Activity >>
The pictures get left out, but everything else in the listing below must be duplicated exactly.

Dataset extract >>

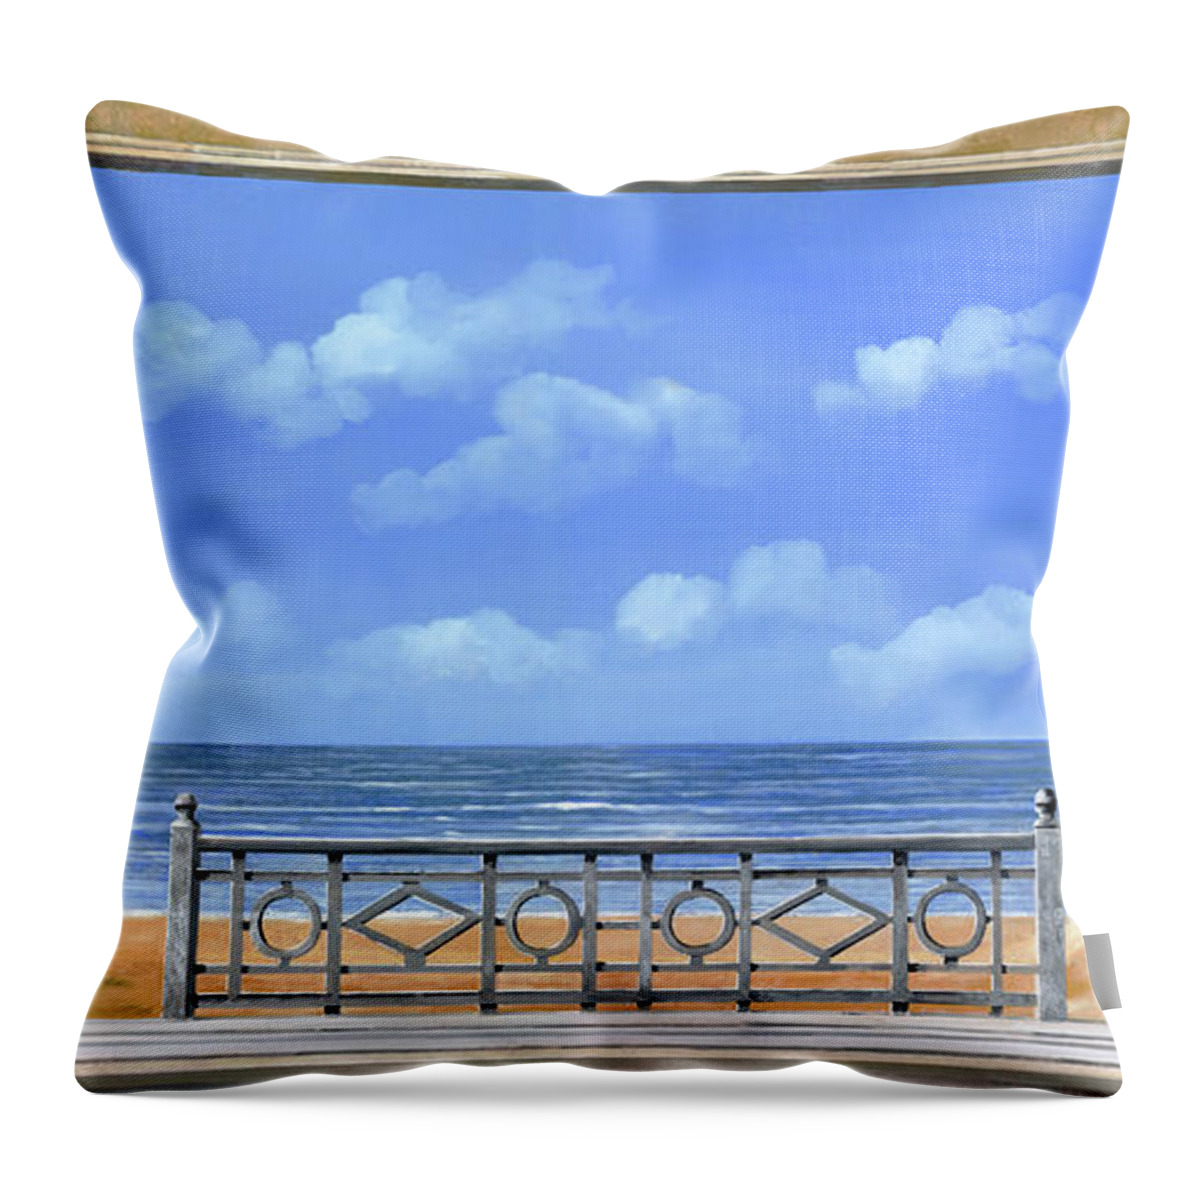 Beach Throw Pillow featuring the painting La Spiaggia Sotto Le Nuvole by Guido Borelli
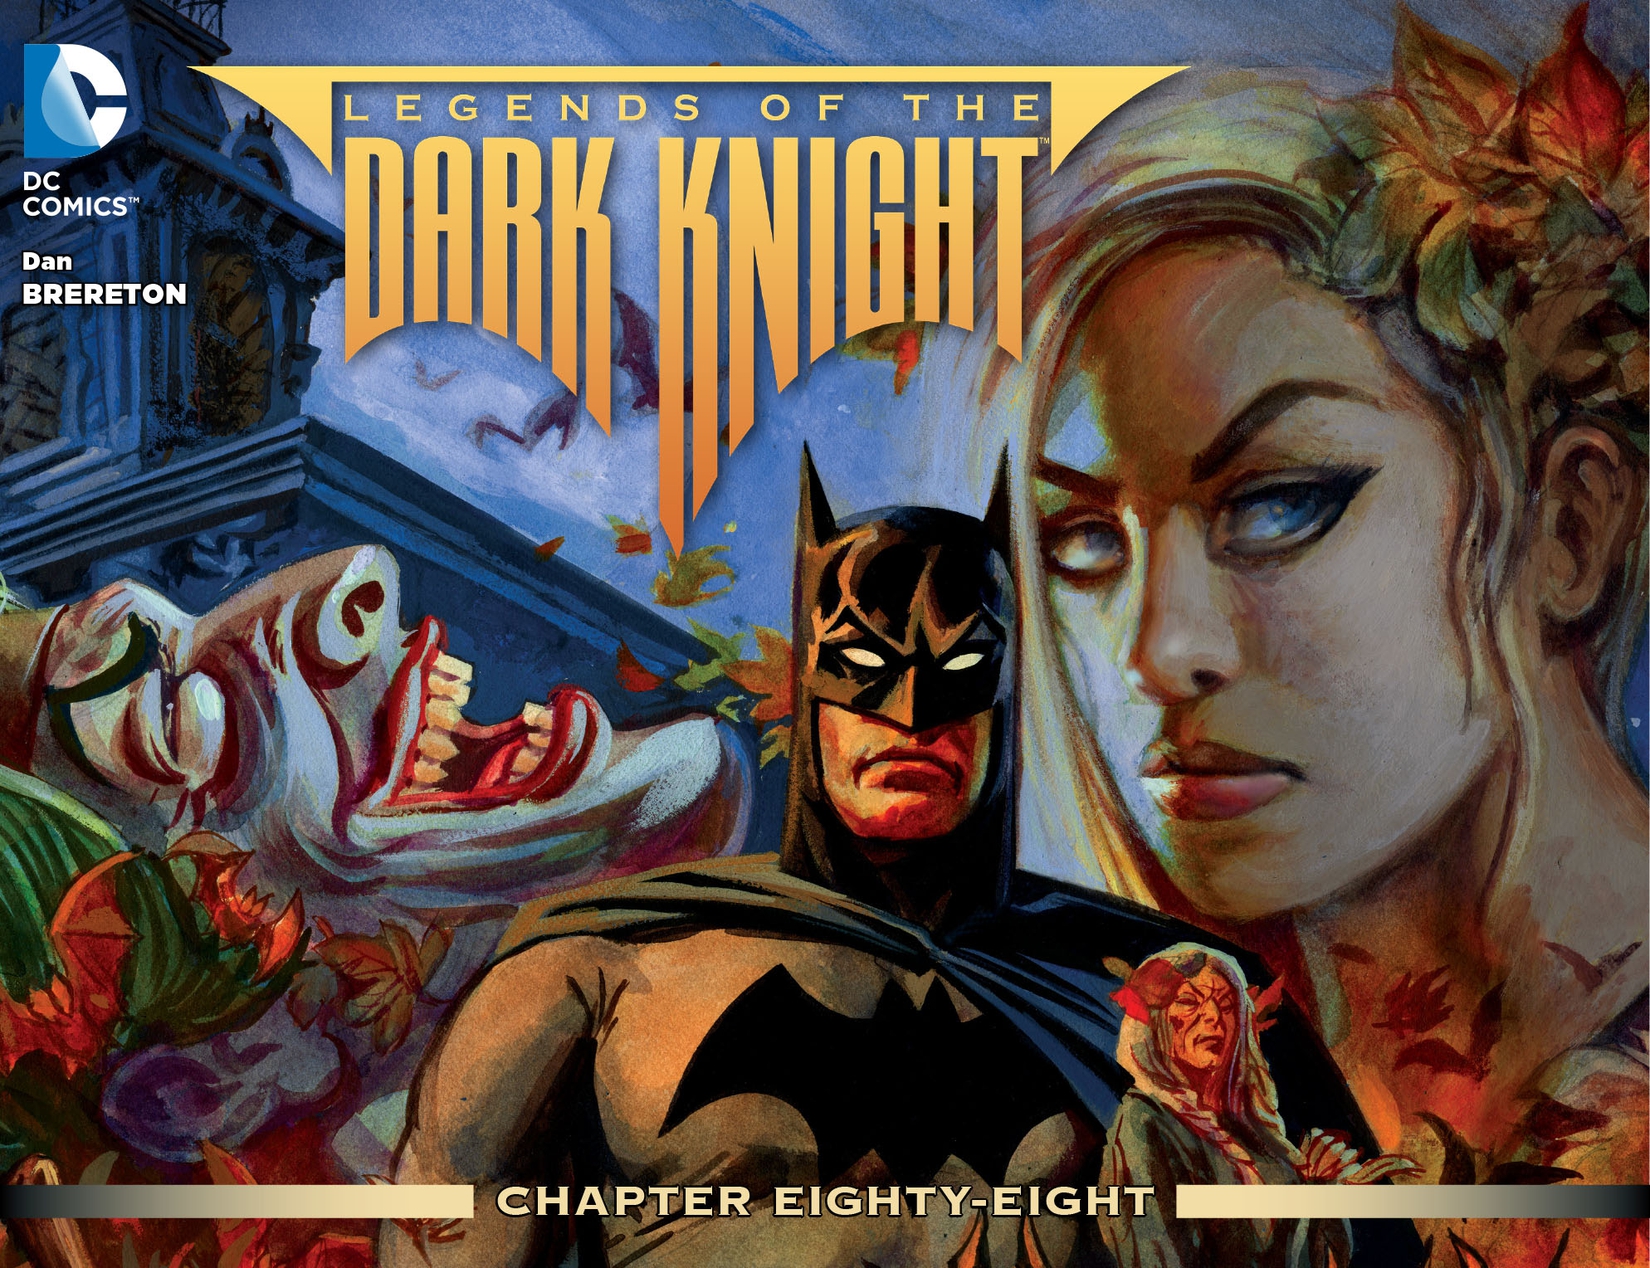 Legends of the Dark Knight #88 preview images
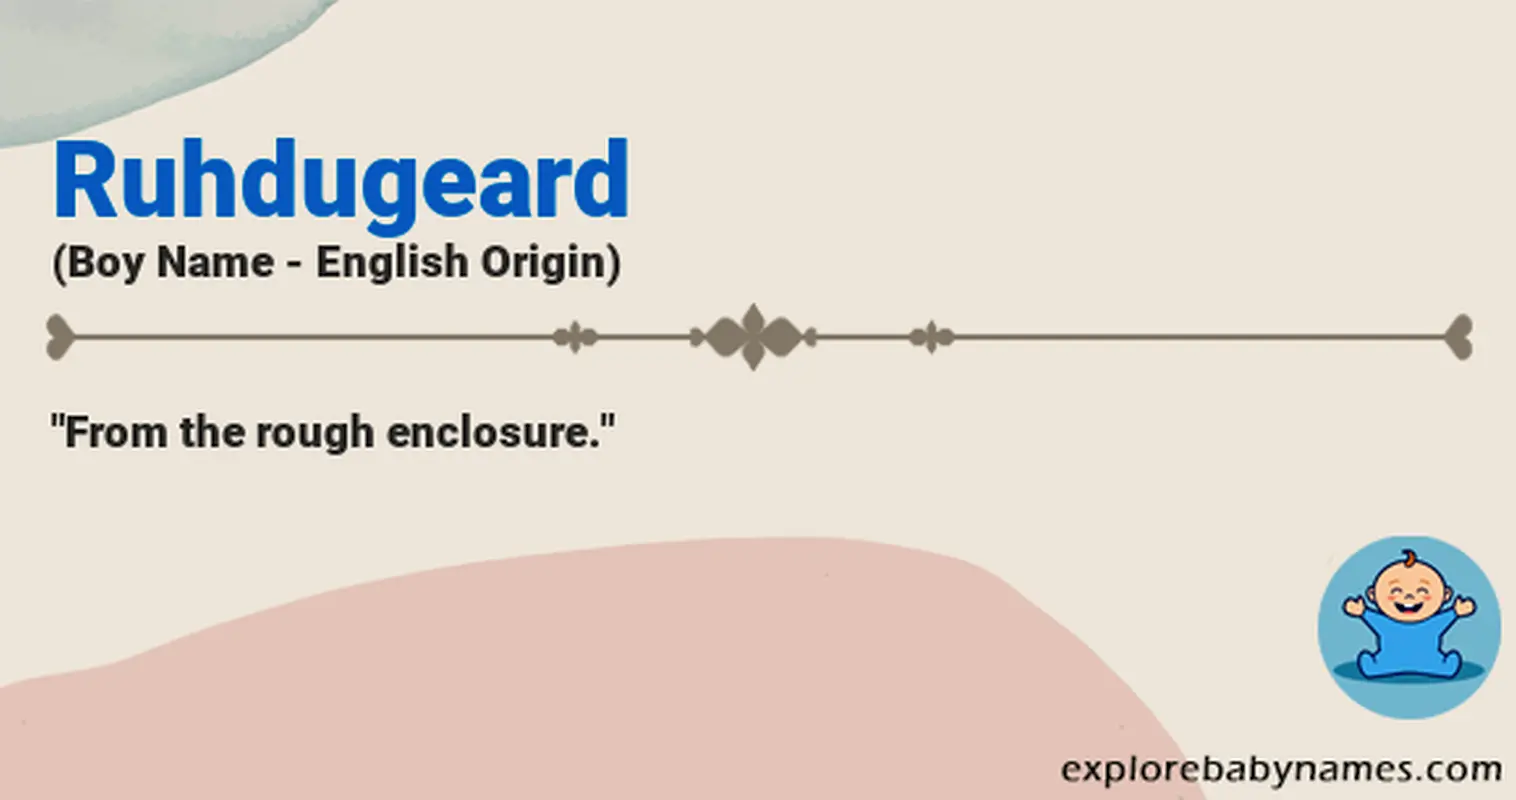 Meaning of Ruhdugeard

Written solution >>
 Beach Throw Pillow featuring the painting La Spiaggia Sotto Le Nuvole by Guido Borelli
 Legends of the Dark Knight #88 preview images
 Meaning of Ruhdugeard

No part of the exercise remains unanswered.